Mention has been made of Sidney Poitier, who was certainly one of several actors who could have played a relevant part - if the film makers wanted to broaden our knowledge about the Civil War, rather than just reference it and use it as a backdrop for some on screen violence and special effects that hold an audience's attention - similarly with the train fight at the end and the stampede - all standard fare for western movies - but just done on a bigger scale. It was still five years before Sidney Poitier would play a black London school teacher in 'To Sir with Love' - but by 1967/8 things were changing and some entertainments were seriously examining race issues - hardly surprising in view of there being increasing tension playing out on the streets in several countries around the world - including France, UK and the USA.

The opening poster is right to mention the issue - BUT in 1961/62 realistic representation of the different races was just not an issue for most in the entertainment industry and sadly neither for most of us - whites - in the cinema seats - I guess the black people and other races - would mostly have expected it to be thus - hence we are still struggling - at least in parts of Britain today with some very nasty attitudes from some towards those of different races to themselves - despite us all probably having originally descended from Africans!

reply

"... but that was simply how it was -- we were brought up to be bigots and it was not until the late seventies ..."

Whoa there, big fella! Where I come from - the USA - not all (or many) of us were brought up to be bigots. Race consciousness had begun being seriously introduced into our collective consciousness during the 1950's.

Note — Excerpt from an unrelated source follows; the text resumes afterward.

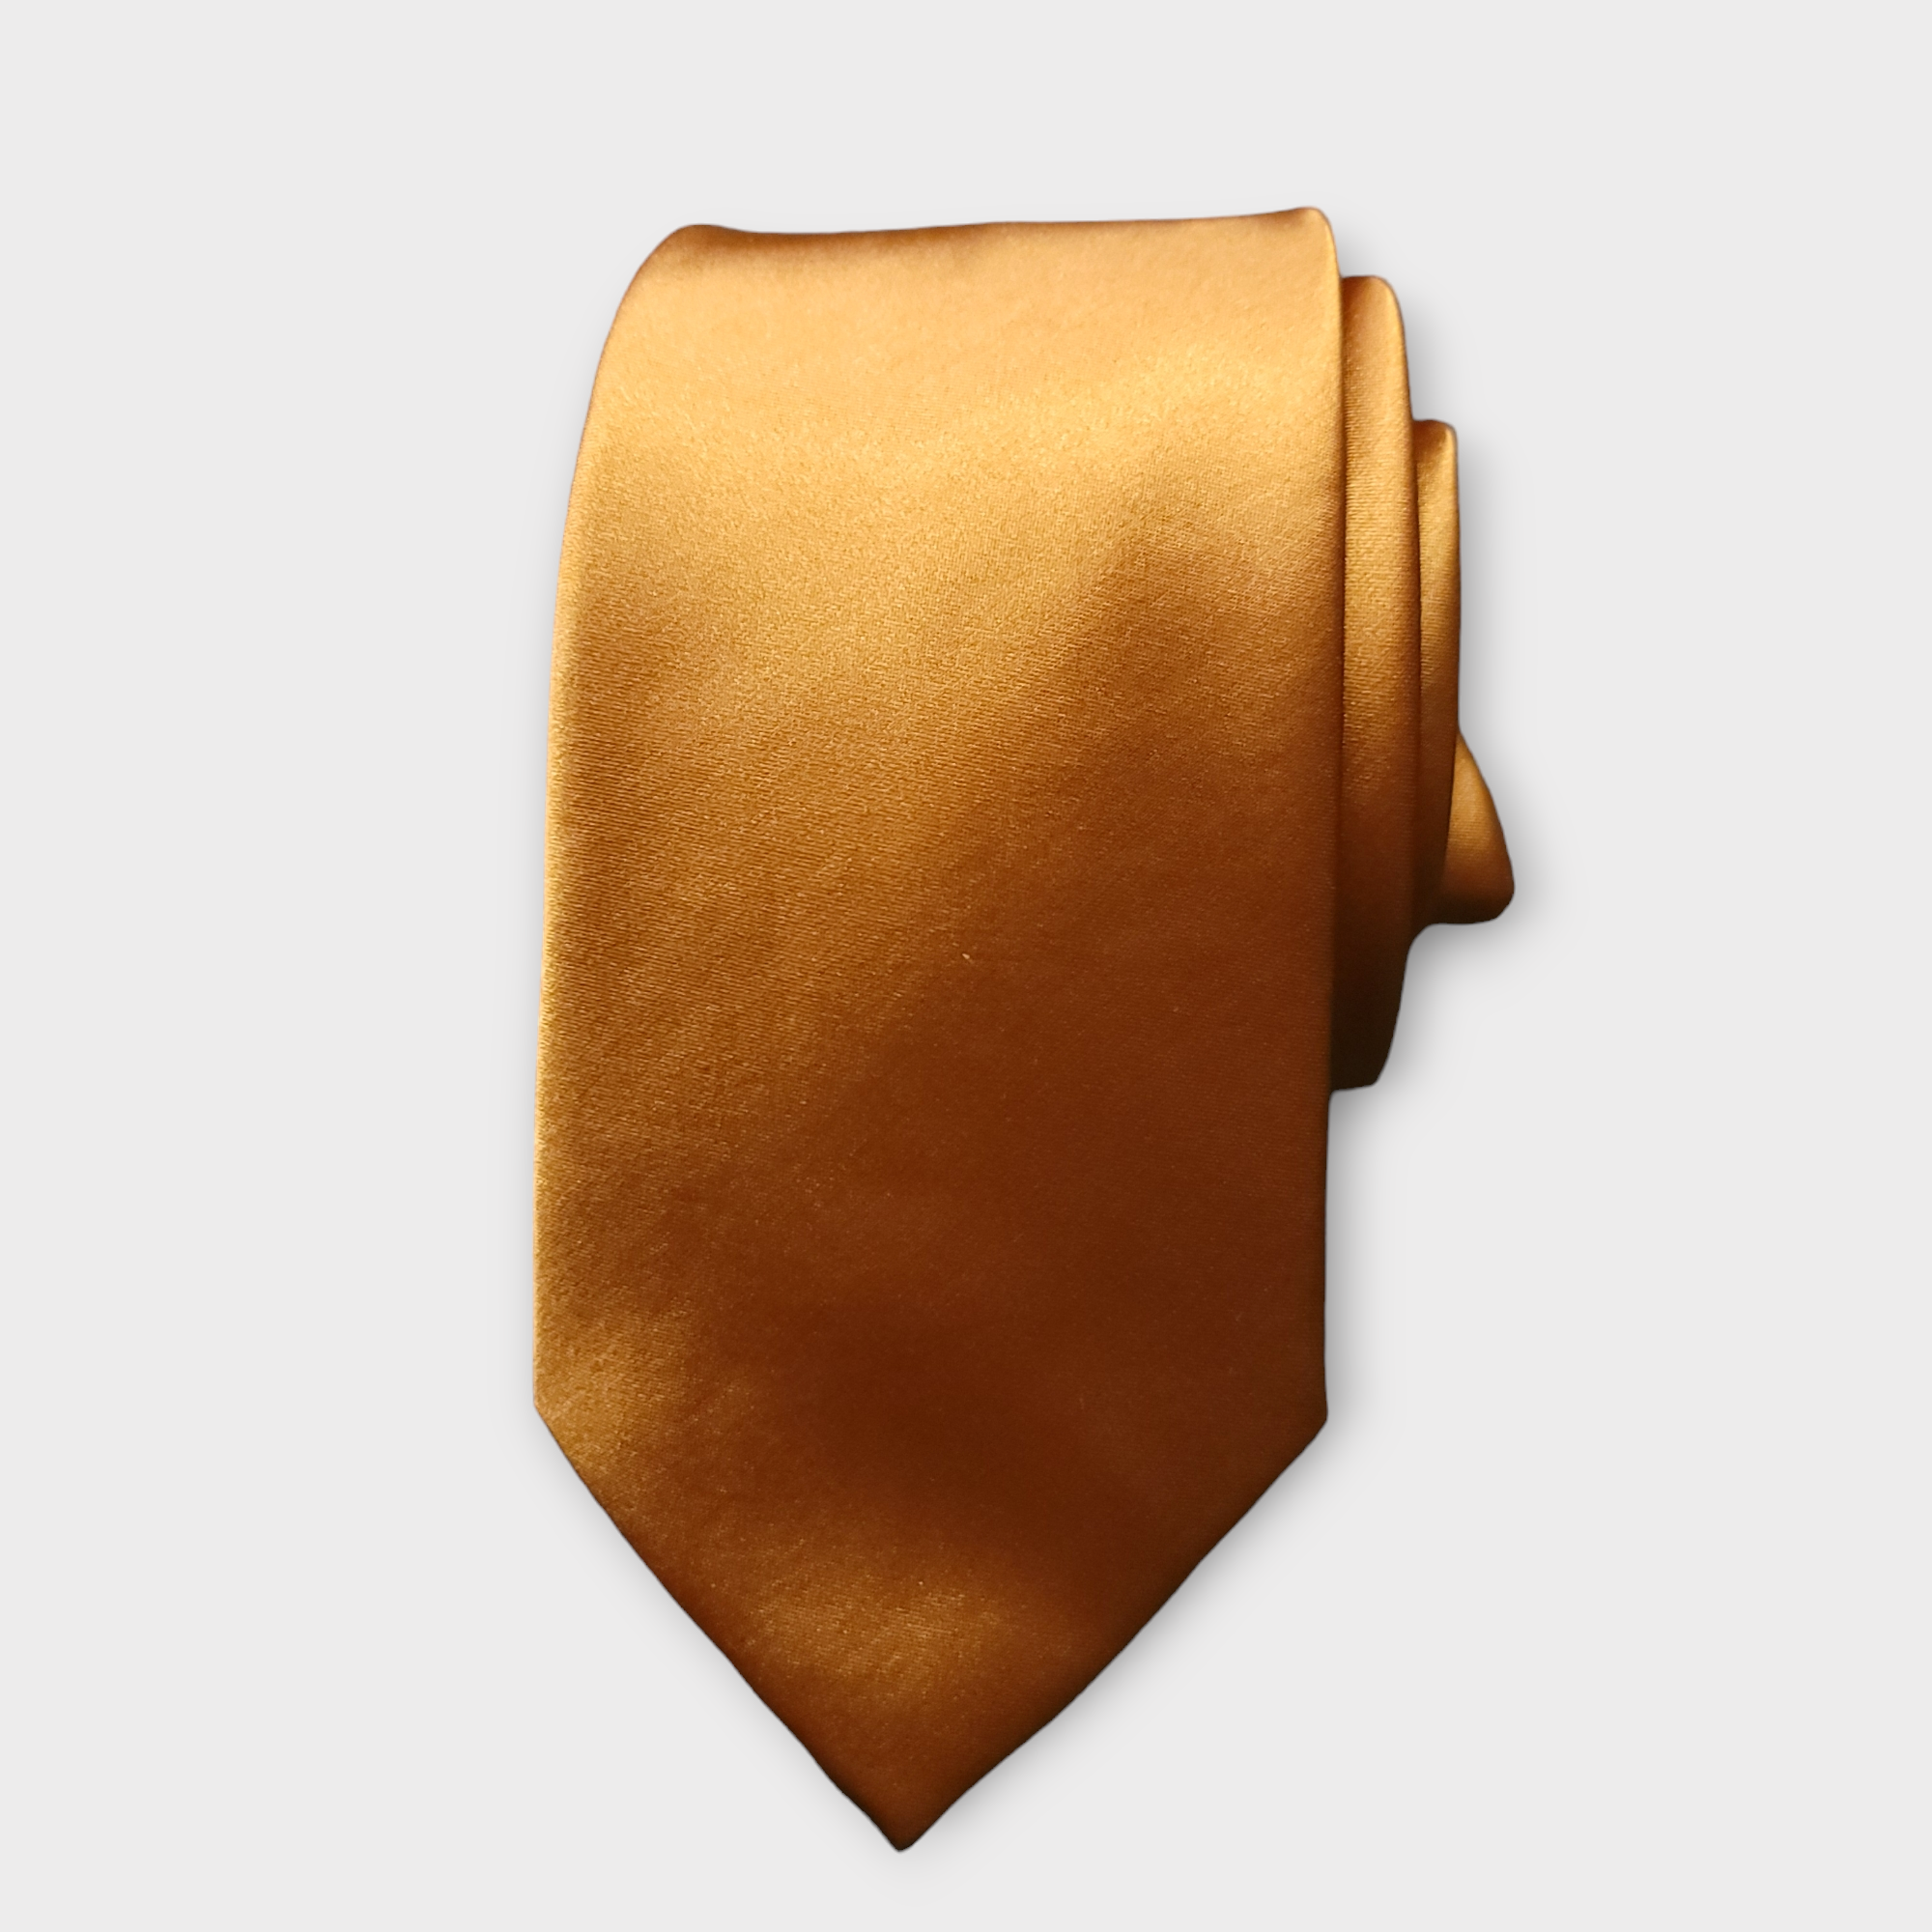 Golden Brown Solid Silk Tie Pocket Square Cufflink Set

Frankly, when I was in high school (early 1960's) -- a white middle-class school almost entirely -- only a very few nasty individuals made derogatory race-based comments (not just race-based, btw) and, then, only on rare occasions. The rest of us generally walked away. No parent I know of welcomed these comments and most cautioned the rest of us against following suit. Teachers disciplined students who hurled such epithets at or around other students.

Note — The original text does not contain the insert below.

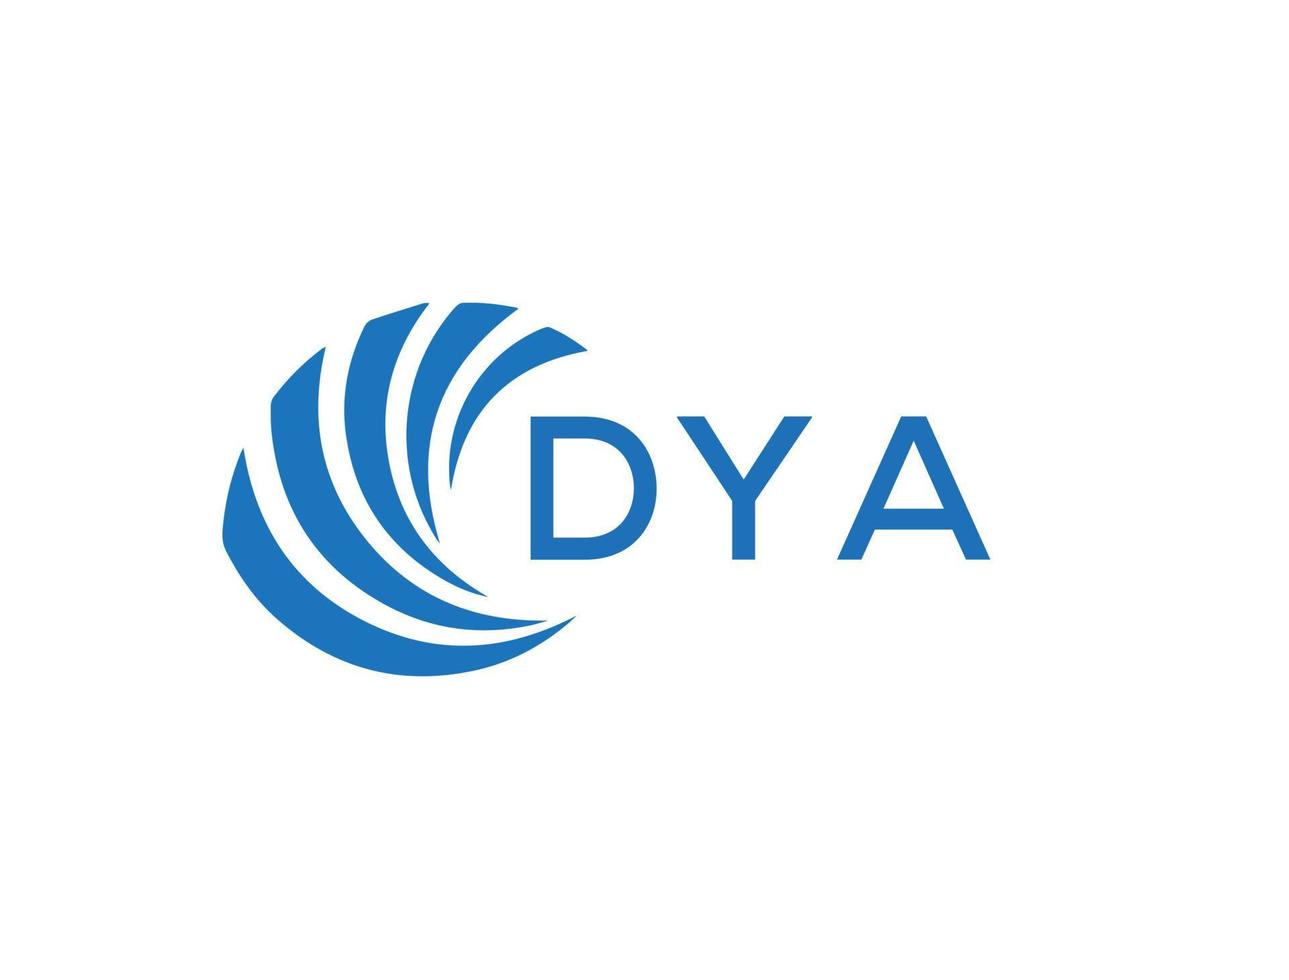 DYA letter logo design on white background. DYA creative circle letter logo concept. DYA letter design. vector

Today, that consciousness and natural turn toward fairness, respect, and accomodation within the culture has become rather more an obsession. And, the government has, in its own inimitable and inevitable way, assumed an inflated and often times questionable role as behavior arbitor and enforcer of any conceivably related issue . . . a kind of finger waggling with symbols, bumper-sticker slogans, and partisanship: Thus, slowing down any more permanent solution to the question of genuine racial harmony which could have been hoped for without the "help" of those folks with motivations less than altruistic or moral.